- Exercise aim
Without including any pictures, give back all of the data exactly.

::: Data provided :::

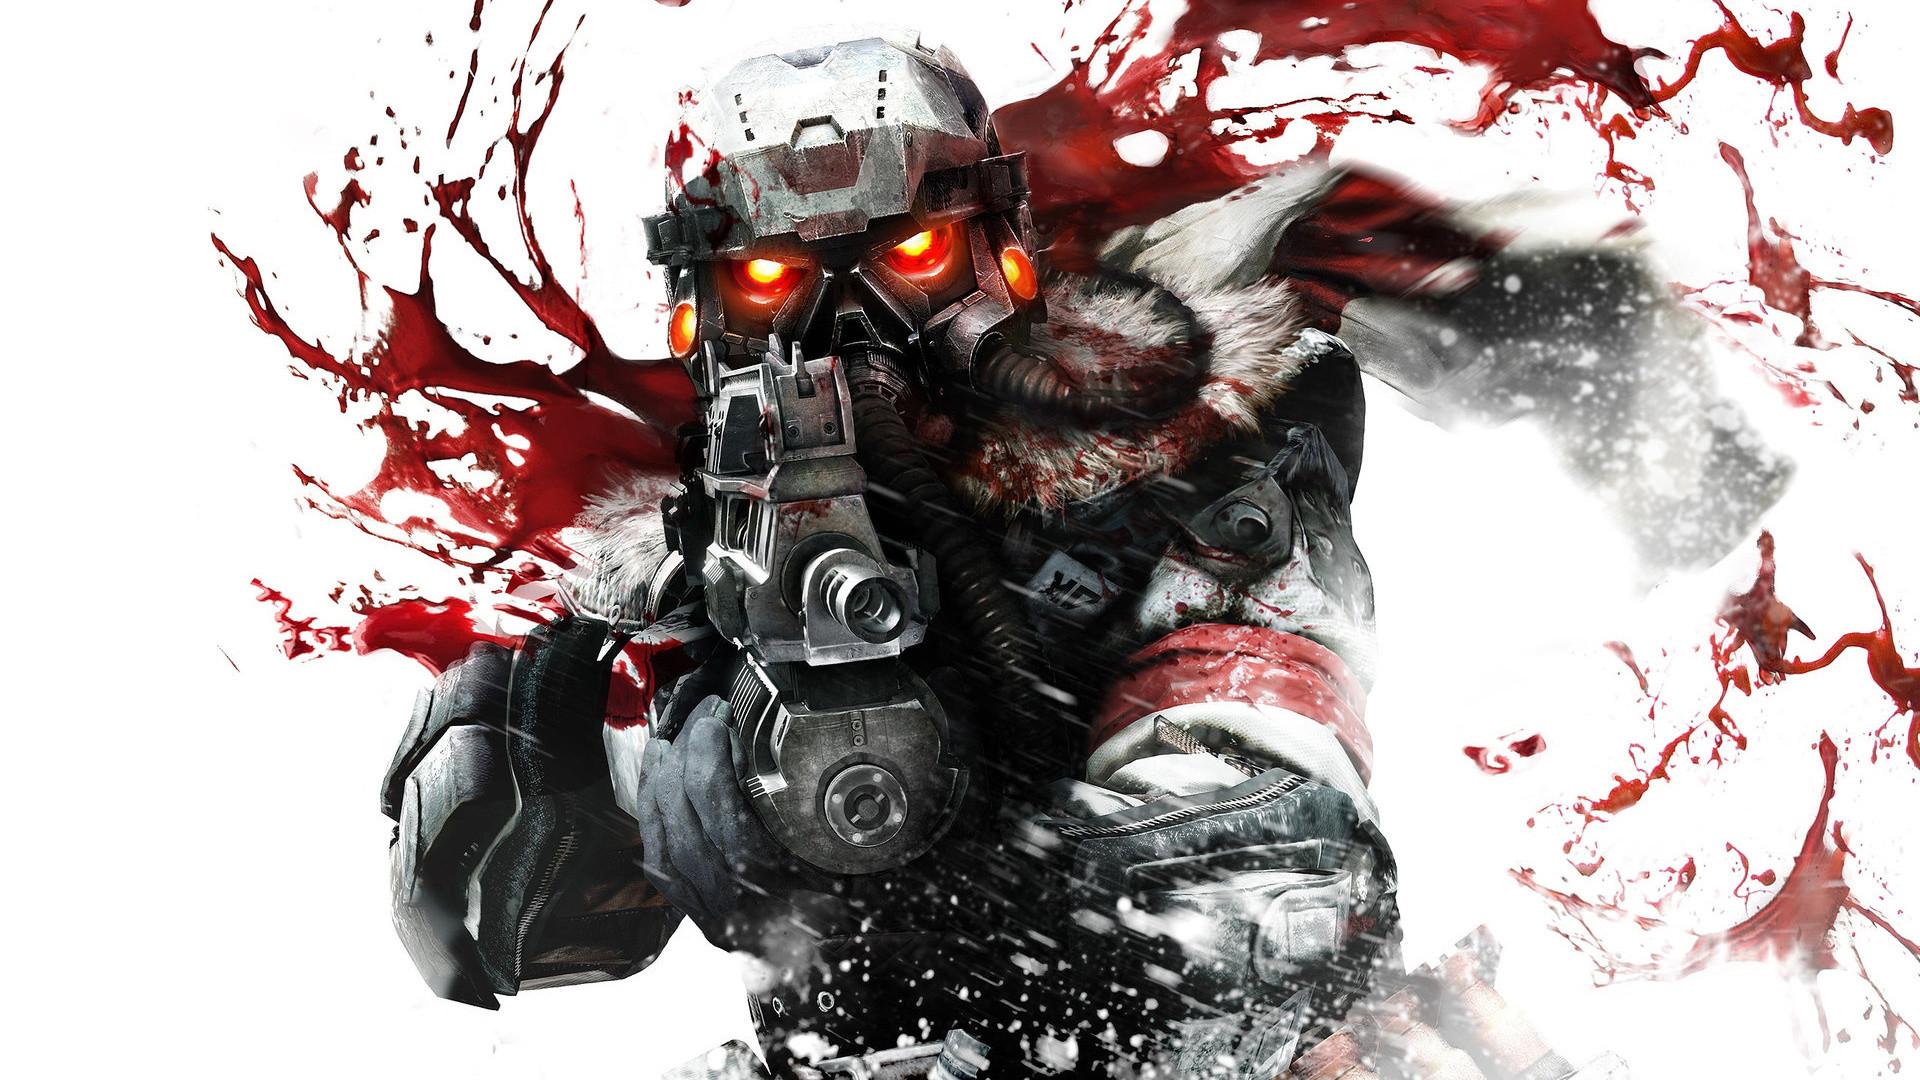 gaming pc wallpaper 73 images
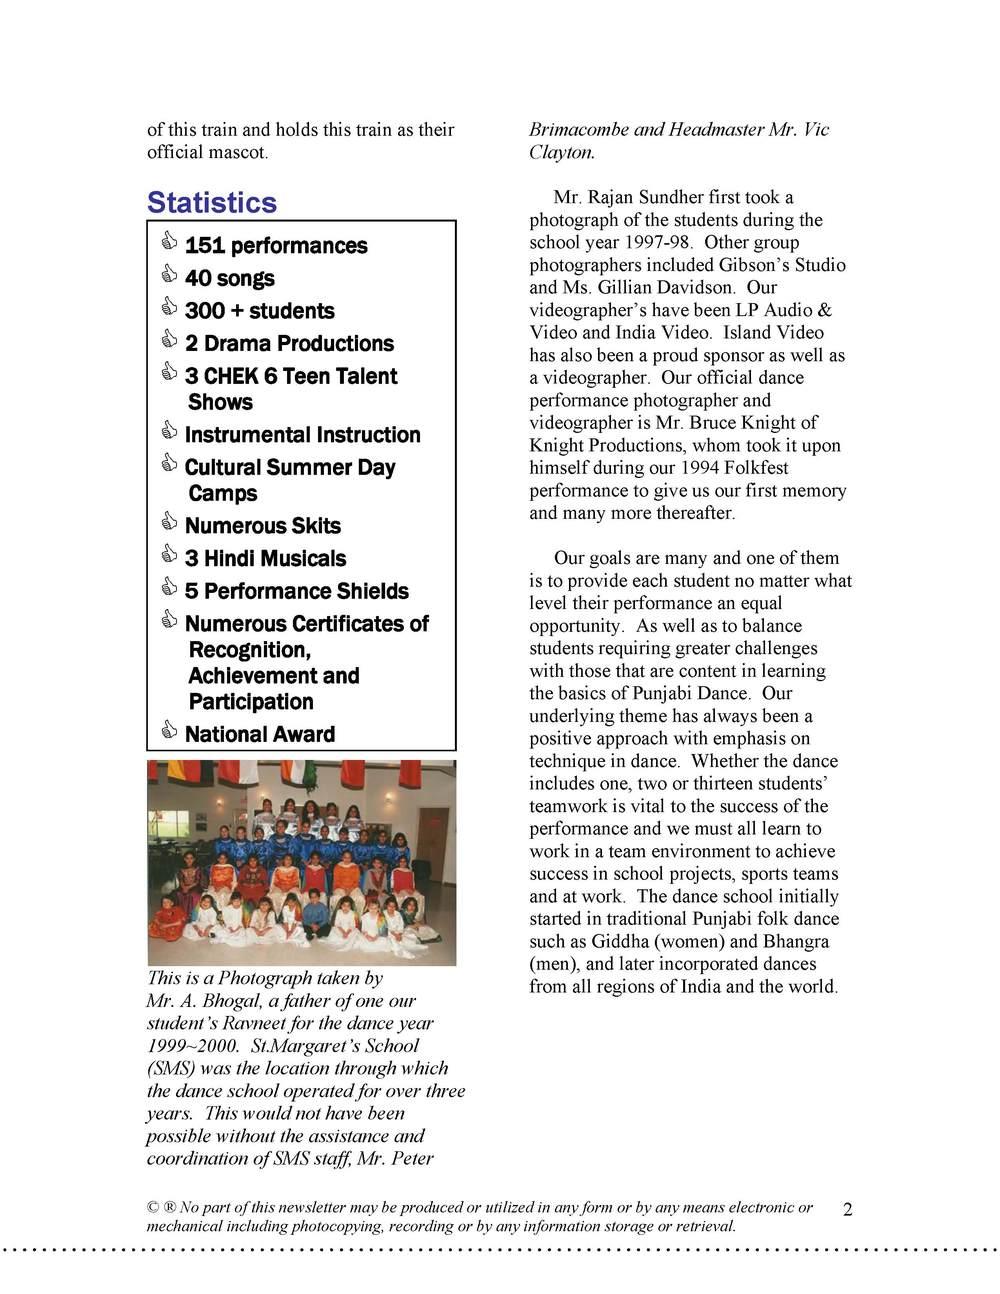 Newsletter 2005_Page_2.jpg
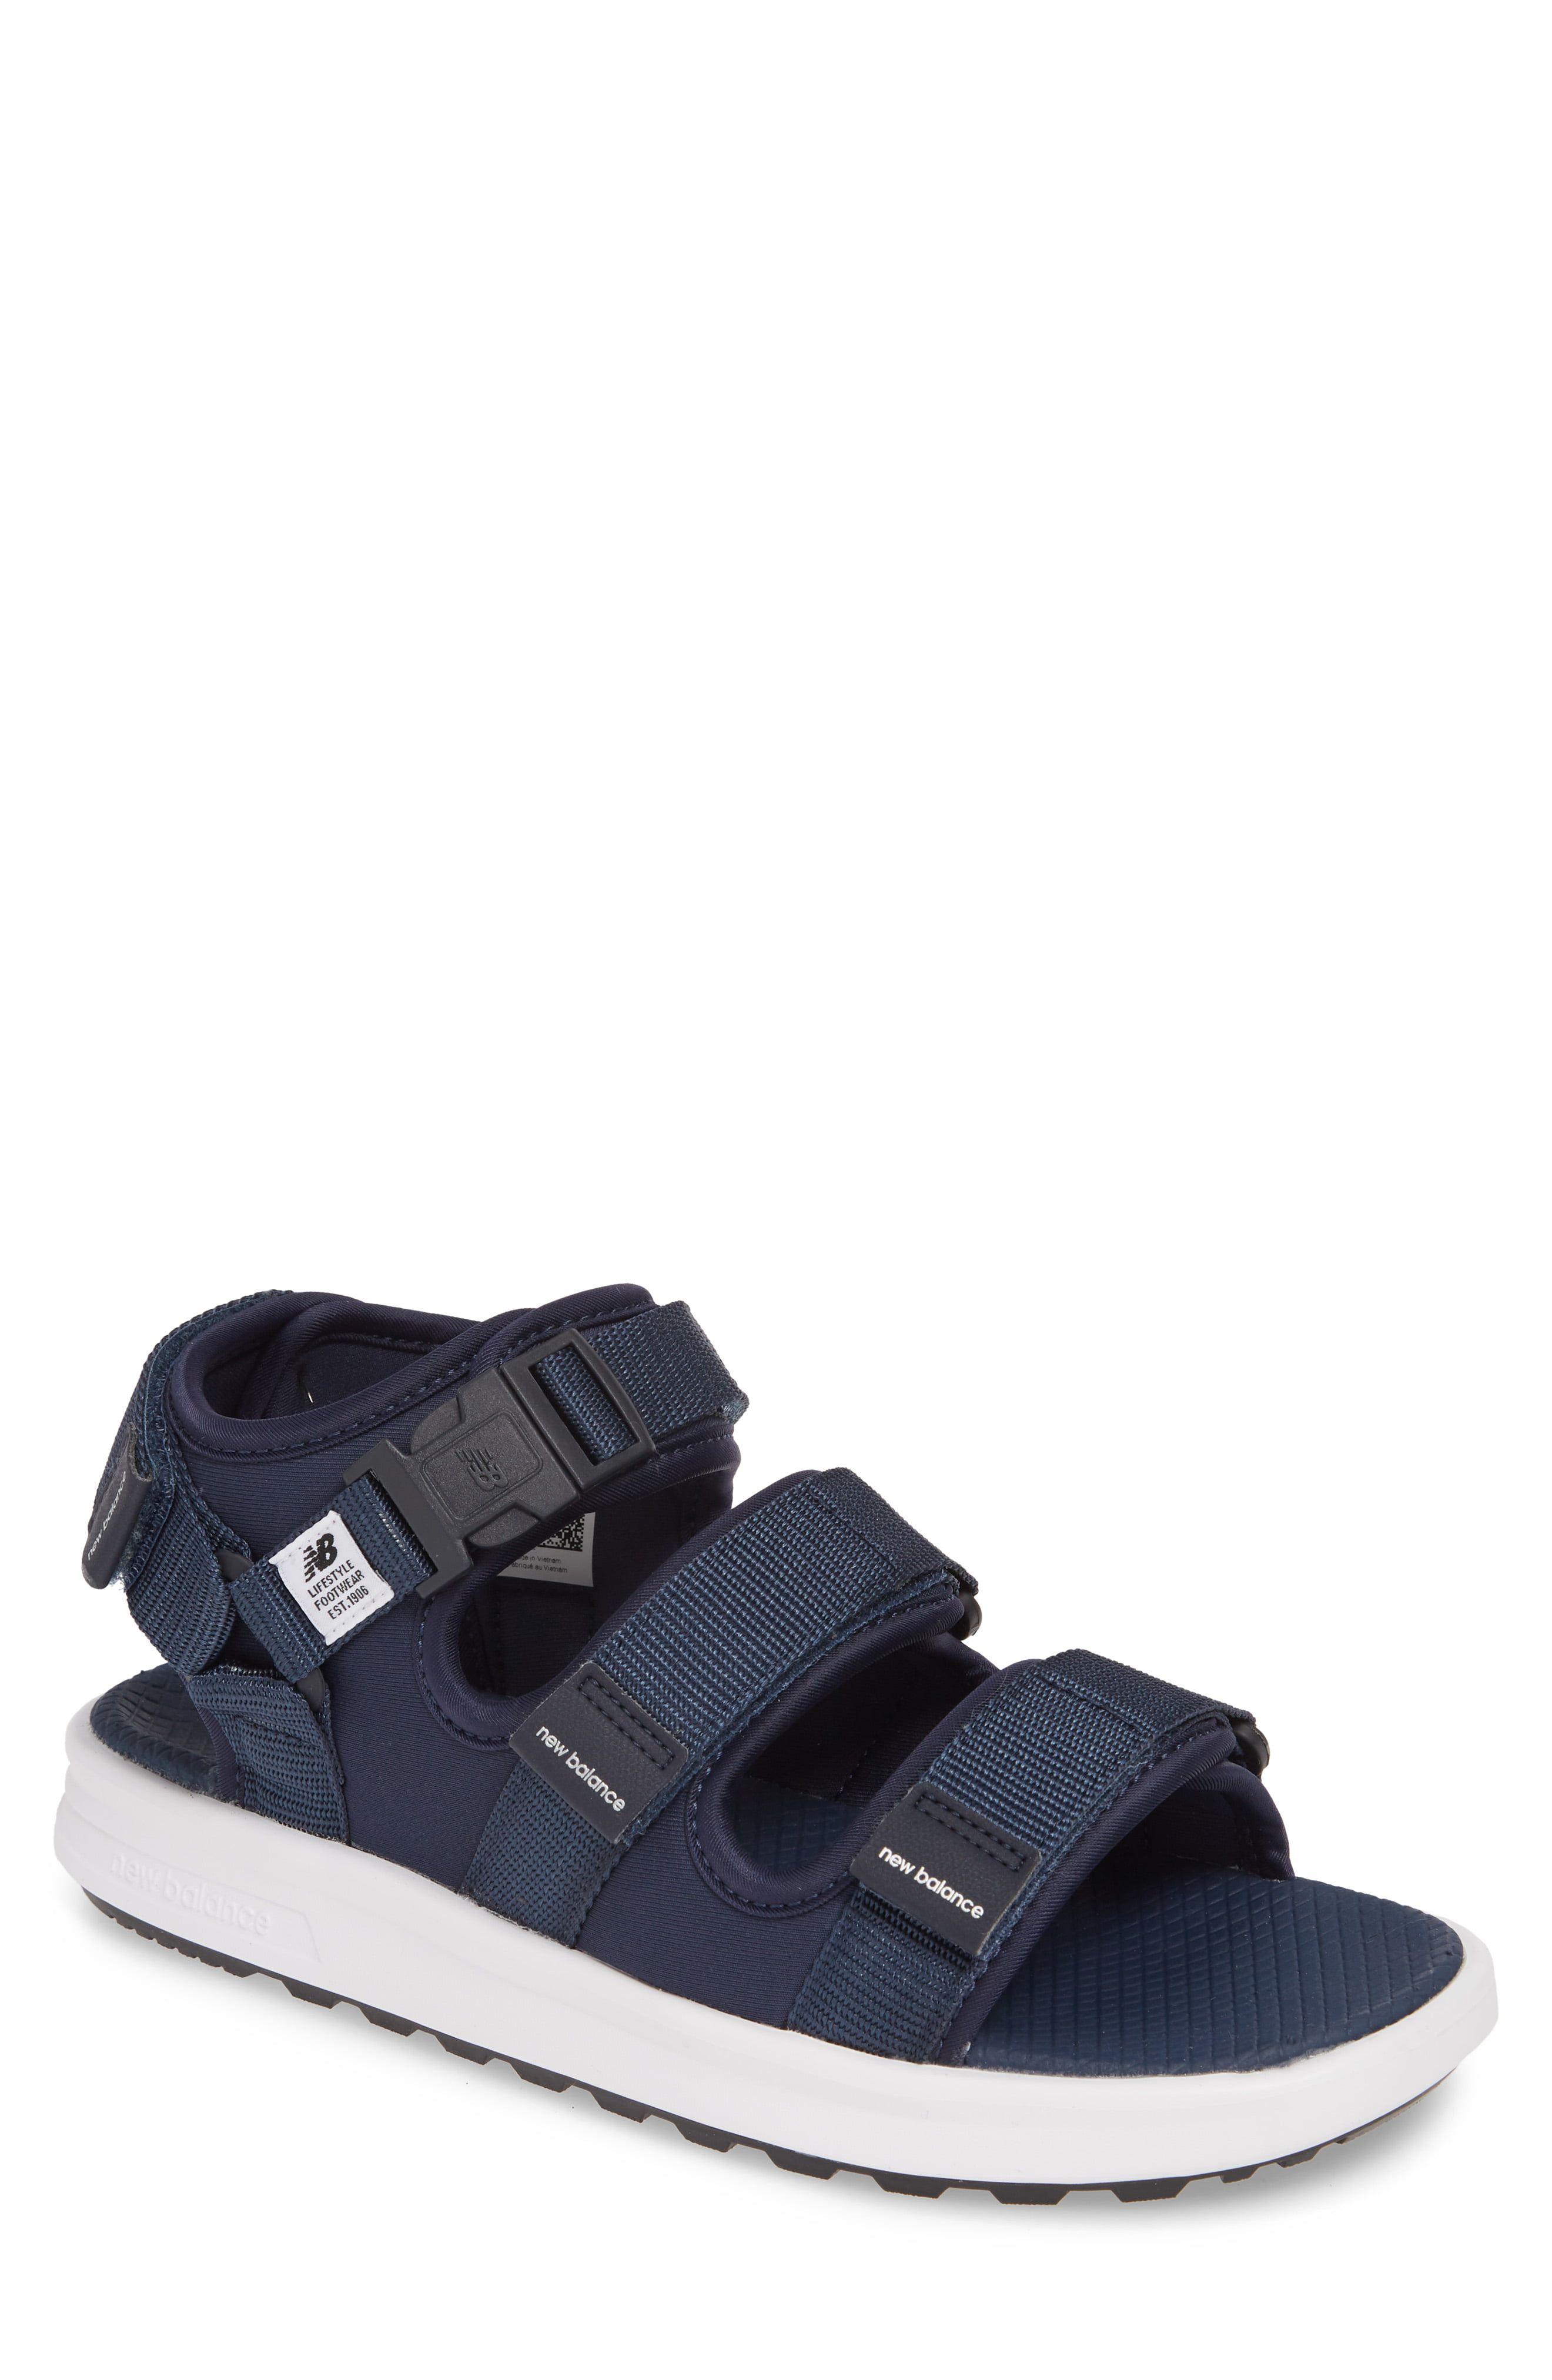 New Balance 750 Water Sandal (Men) | Nordstrom | New balance ...
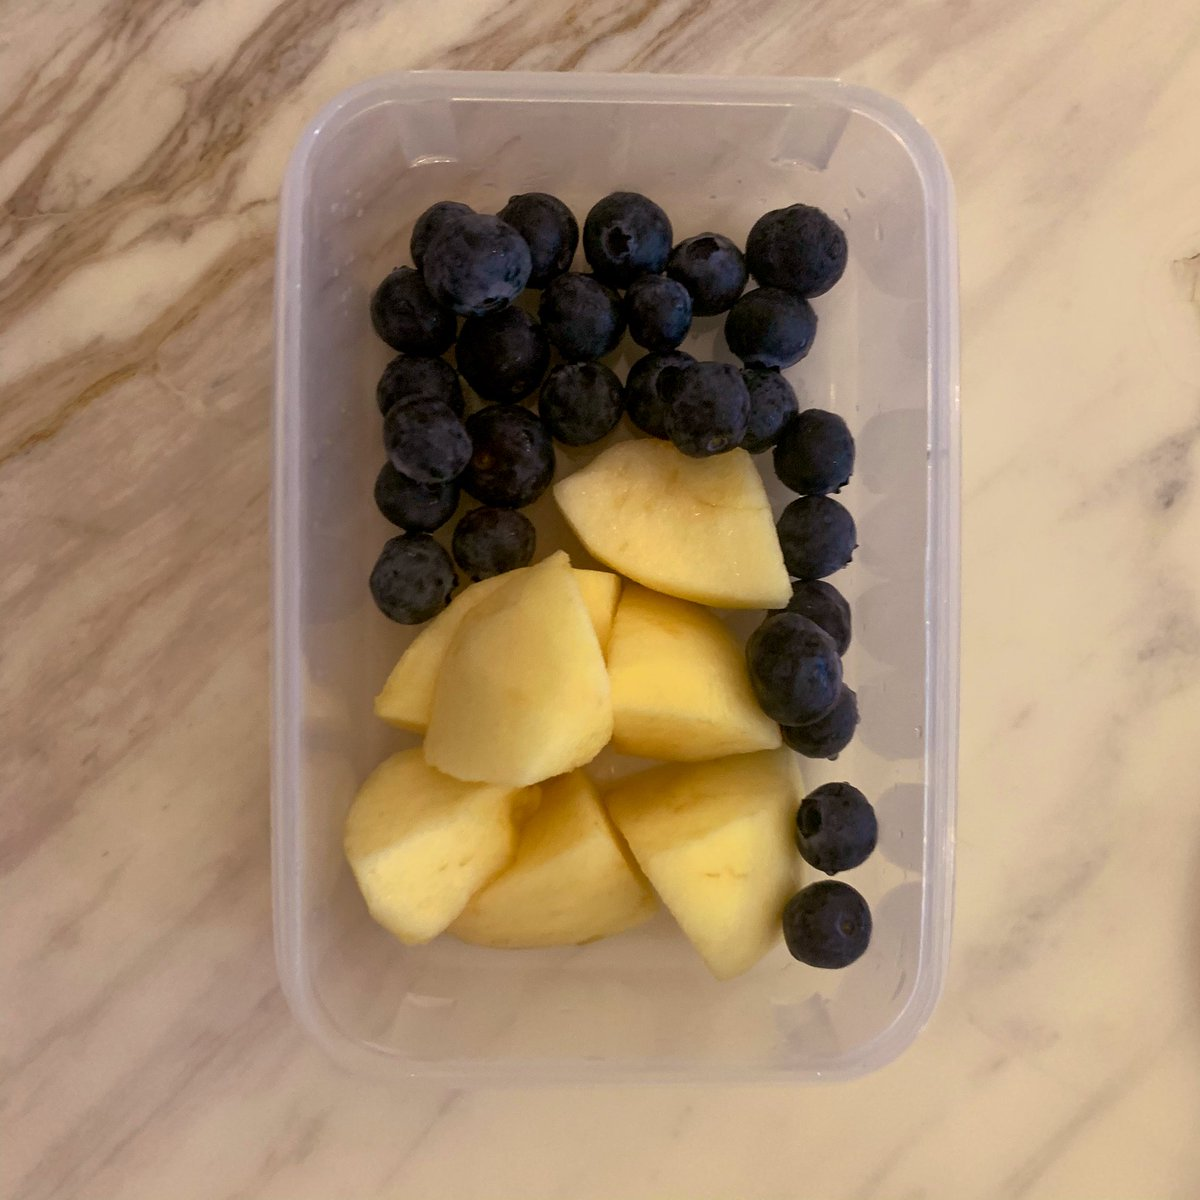 Love #blueberry https://t.co/lhVOwogLJA

:::

- Result
 gaming pc wallpaper 73 images
 Newsletter 2005_Page_2.jpg
 New Balance 750 Water Sandal (Men) | Nordstrom | New balance ...
 Love #blueberry https://t.co/lhVOwogLJA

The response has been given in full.